The main contributions of this paper are threefold:

(1) We propose a lightweight answer-oriented ranking method to explicitly model answerability in addition to relevance.

(2) We mitigate the risk of noisy training data through a customized minimax gaming mechanism.

(3) Experiments on five public OpenQA datasets demonstrate the utility of combining answerability with relevance in passage ranking, which in turn, boosts the quality of extracted answers.

2. Related Work

We only review the most relevant studies to our work in this section.

Passage ranking is crucial for QA to select better and fewer passages for the reader. The naive approach used in many studies relies on an IR model for it (Chen et al., 2017; Yang et al., 2019b; Yang et al., 2019c; Nie et al., 2019; Min et al., 2019a; Wolfson et al., 2020; Min et al., 2019b; Asai et al., 2019). However, an IR model will only rank the passages according to their topical relevance to the question without taking into account the answerability. For example, previous studies (Lin et al., 2018) show that a better passage ranking performance on Hits@NN may not necessarily lead to a better answer extraction for the whole QA system. More recent studies have applied dense vector representations to rank passages, based on which a more complex ranking model can naturally incorporate query expansion (Karpukhin et al., 2020; Gao and Zhang, 2021; Nogueira and Cho, 2019; Humeau et al., 2019; Khattab and Zaharia, 2020; Das et al., 2018). However, the neural retrieval process still focuses on topical relevance only.

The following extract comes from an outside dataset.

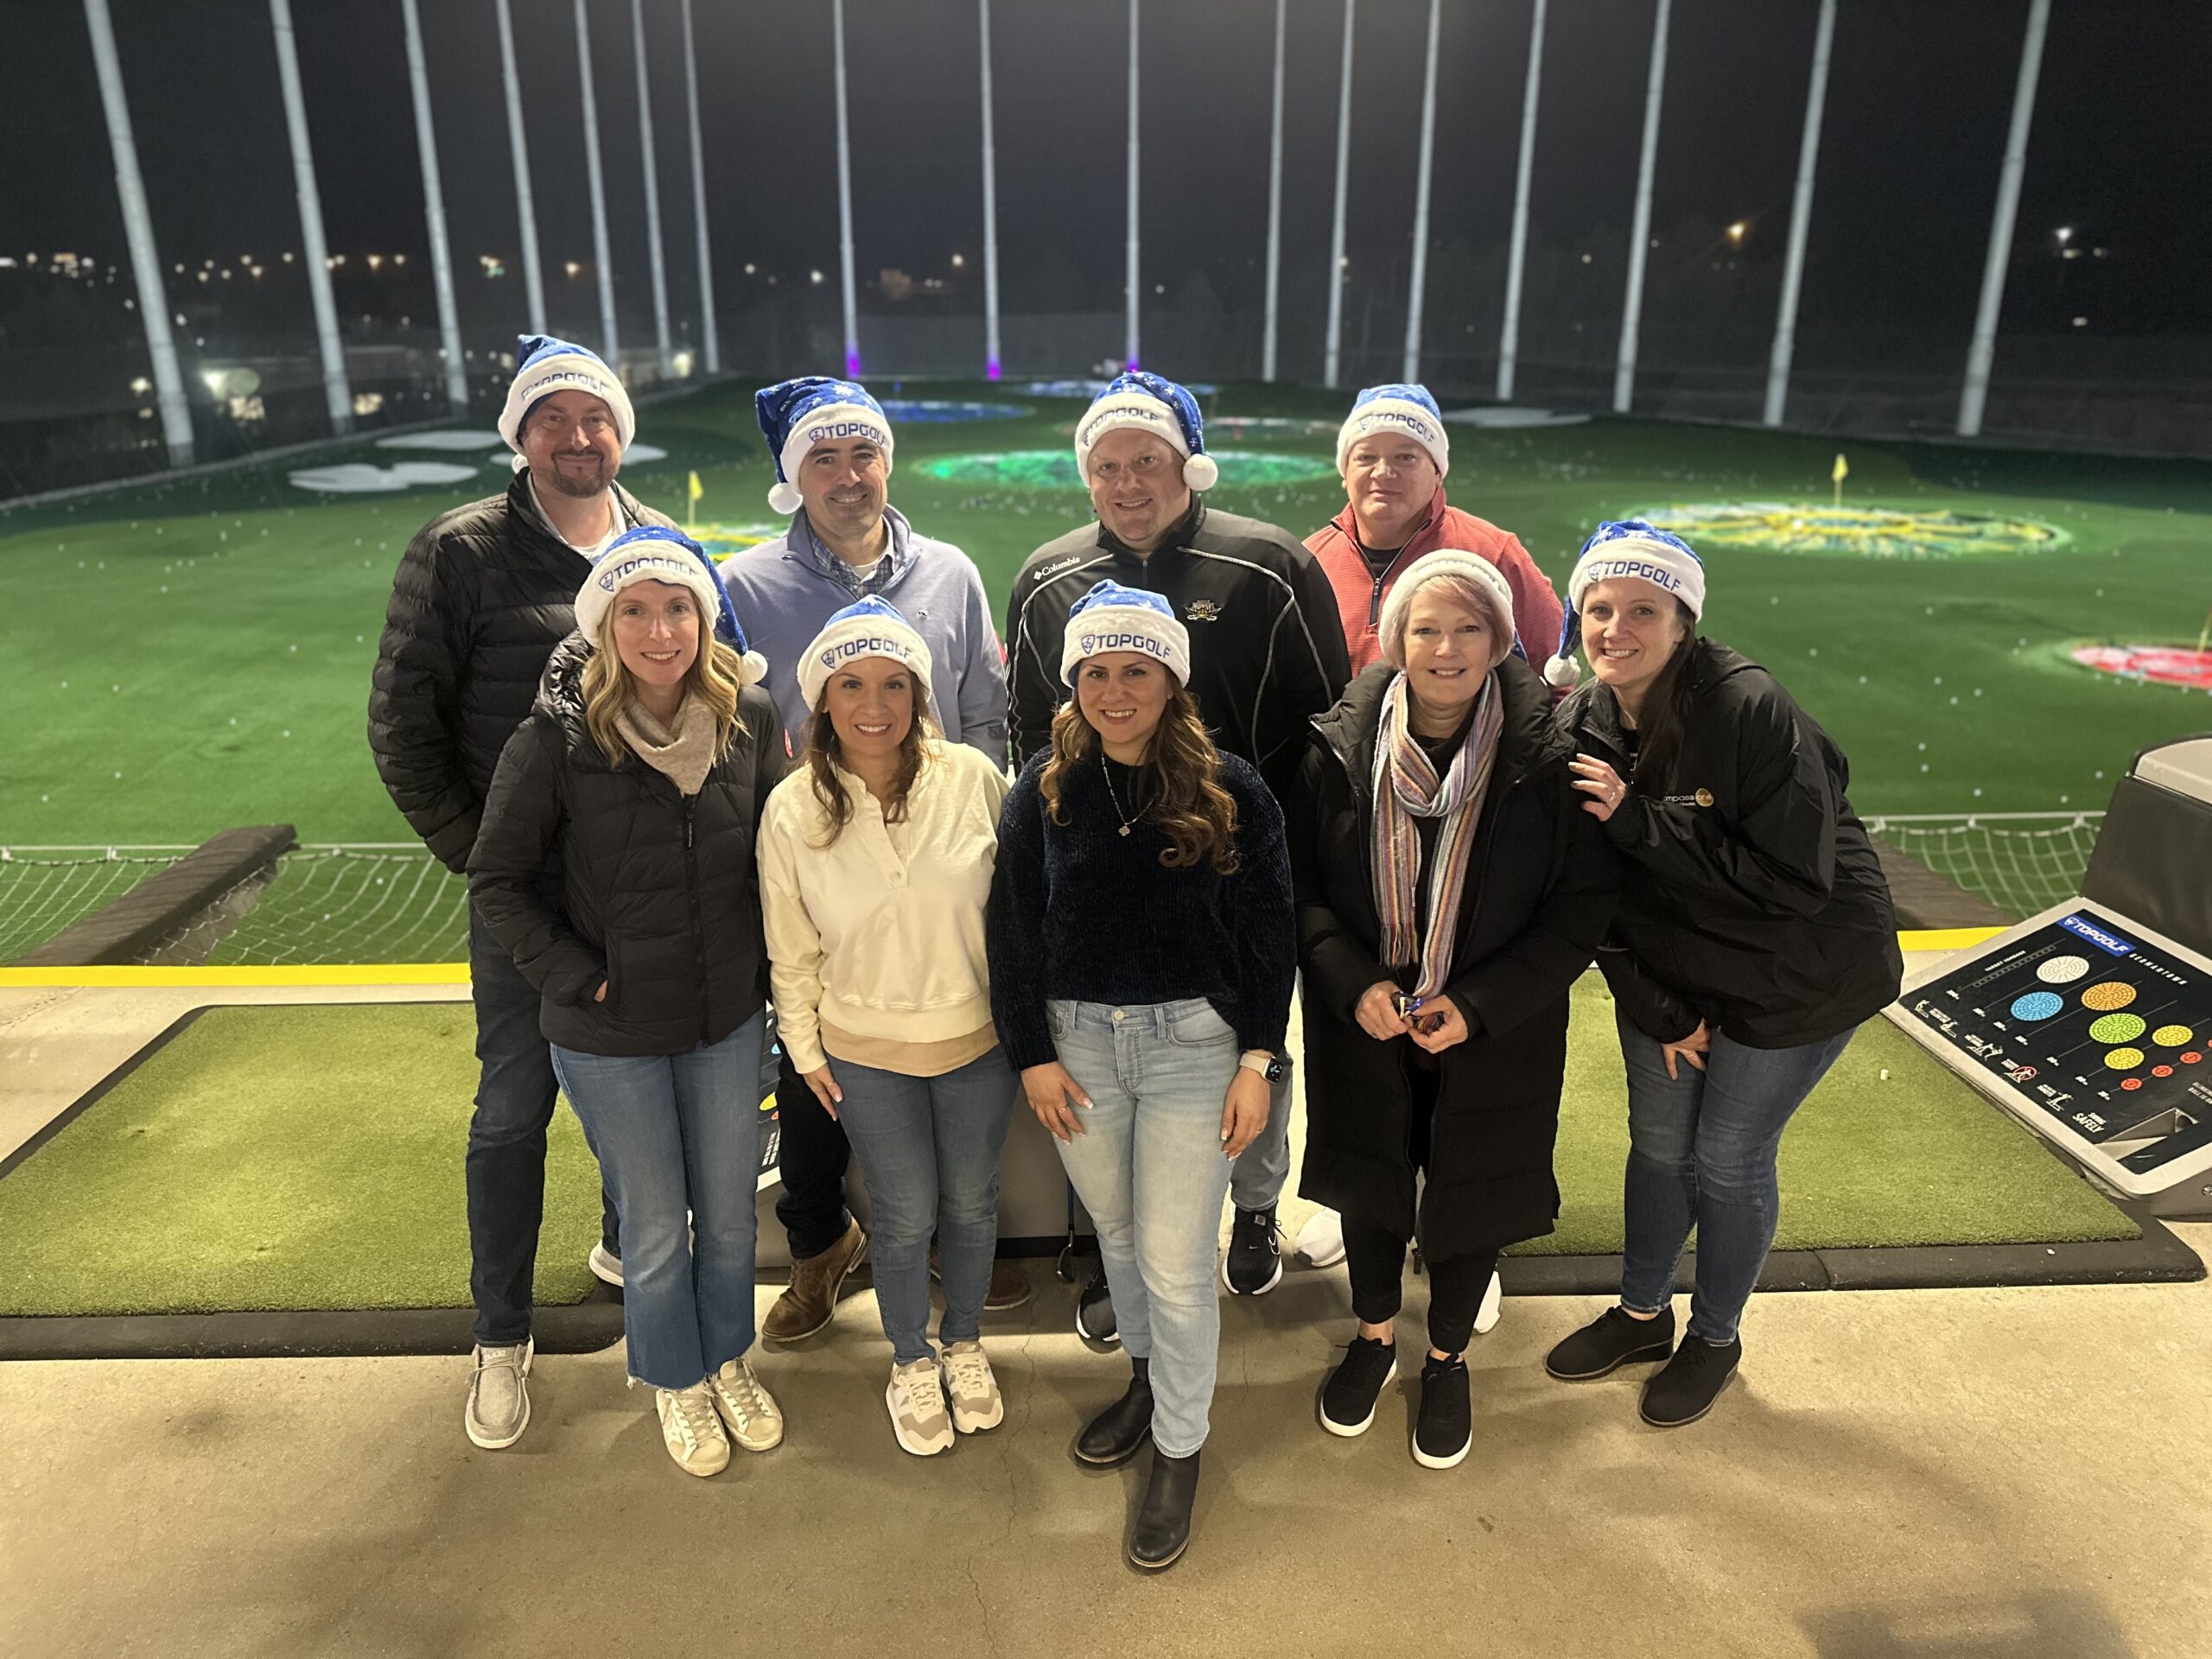 Melissa Grimes with her team members at Top Golf.

Some recent studies have incorporated an intermediate ranking step on the search results, which considers the feedback from the reader, or relies on some reading capability incorporated into the ranker. Typical examples are R3 (Wang et al., 2018), DSQA (Lin et al., 2018), and Retro-Reader (Zhang et al., 2020). In these approaches, any passage containing the answer text (entity) will be used as a positive sample for ranker training, i.e., the ranker is not explicitly trained to denoise the training data, and it relies on another component (usually a computationally expensive external reader) to provide indications. The GAN-based approach proposed in this paper specifically addresses the problem of noisy data inside the ranker, so as to simultaneously improve the efficiency and effectiveness of the reader by feeding it with a smaller number of passages with better answerability through ranking.

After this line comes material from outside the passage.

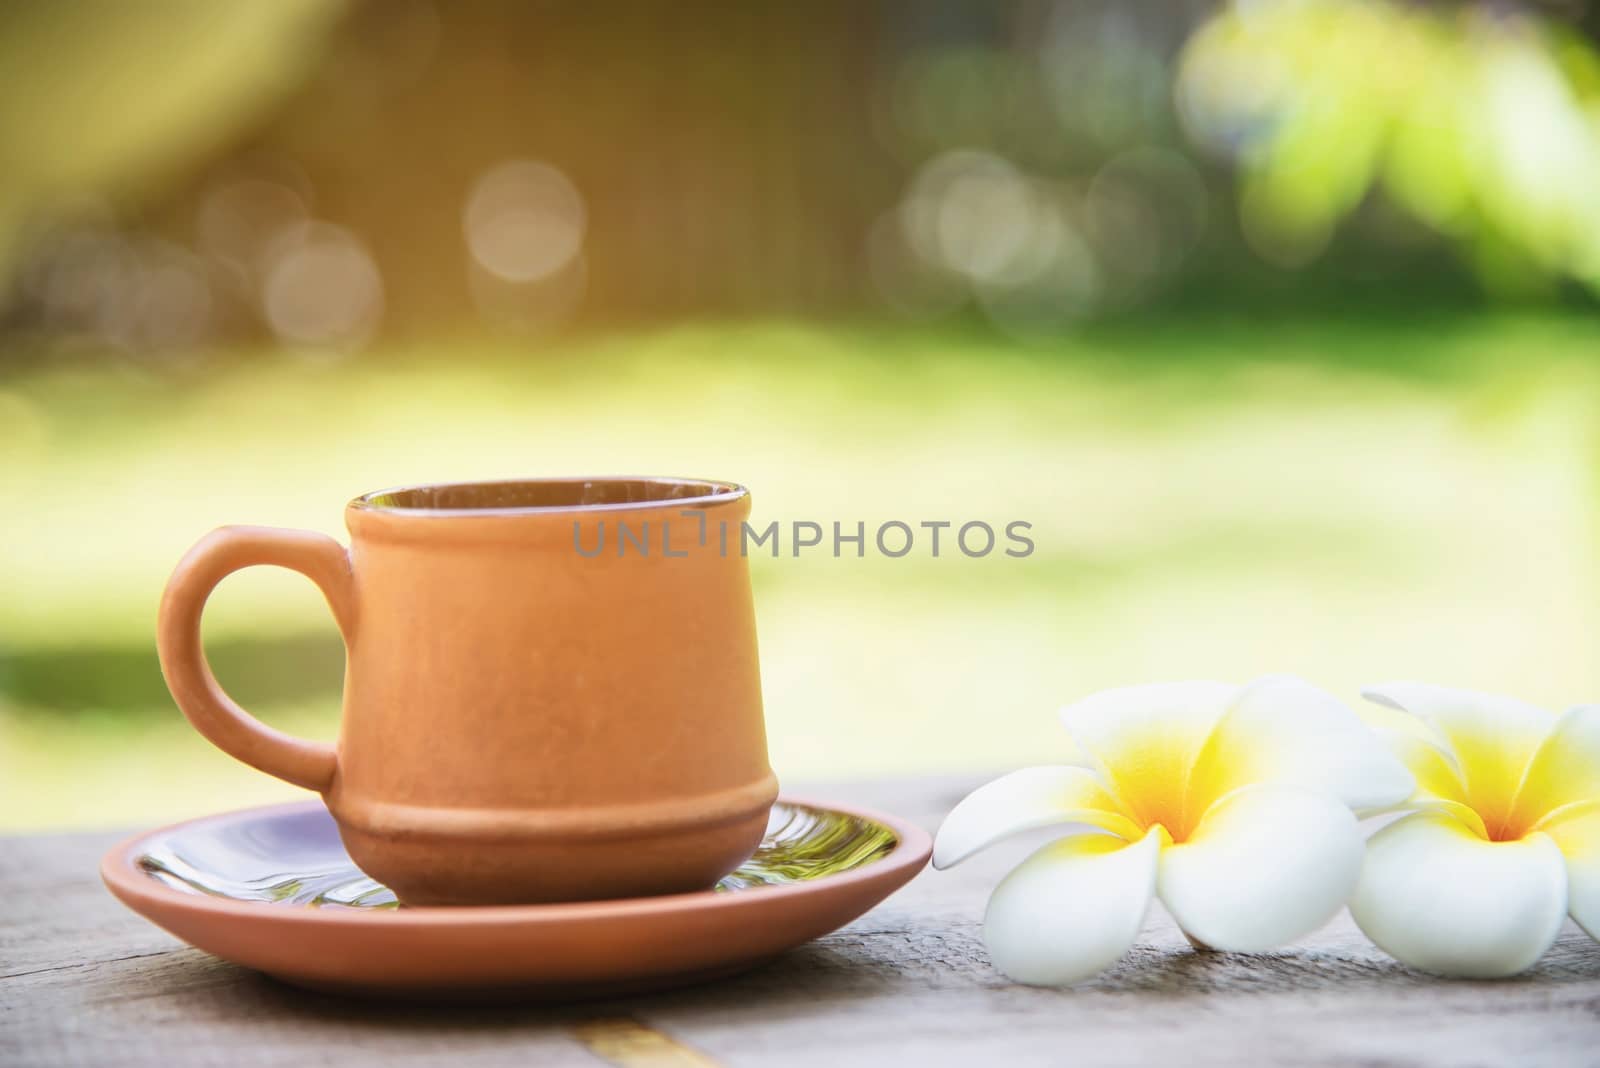 Coffee cup in green garden background - coffee with nature background concept by pairhandmade

Generative adversarial networks (Goodfellow et al., 2014) have been widely used, including in IR (Wang et al., 2017; Zou et al., 2018; Zhang, 2018) and recommendation (Bharadhwaj et al., 2018; Cai et al., 2018; Fan et al., 2019; Yuan et al., 2020; Chong et al., 2020). The GAN framework aims at generating the positive samples while making large differences with false positives. In so doing, a stronger generation model can be obtained. Recently, supervised GAN frameworks have also been explored in of question answering tasks (Ramakrishnan et al., 2018a; Tang et al., 2018; Lewis and Fan, 2018; Lee et al., 2019b; Patro et al., 2020; Joty et al., 2017; Liu et al., 2020; Yang et al., 2017; Oh et al., 2019), such as community QA, visual QA (Ramakrishnan et al., 2018b), and multi-choice QA, etc. GANs are utilized to tackle either the class imbalance problem of data (Yang et al., 2019a) or the question clarification problem (Rao and III, 2019) in QA. However, none of them explored the utilization of GAN for answer-oriented passage ranking. Our study shows that GAN can be effectively used for this purpose.

The traditional GAN framework makes a minimax competition between one generator and one discriminator. For passage ranking, we incorporate two discriminators for relevance and answerability. Multiple discriminators have been used in some previous GAN frameworks. For example, Nguyen et al. (2017) have used a similar approach to tackle the mode collapse problem in GAN. Some others applied similar structure to improve image quality (Durugkar et al., 2016) or for image-to-image translation (Yi et al., 2017). Our study is the first attempt using such an extended GAN to cope with multiple criteria in passage ranking for open-domain question answering.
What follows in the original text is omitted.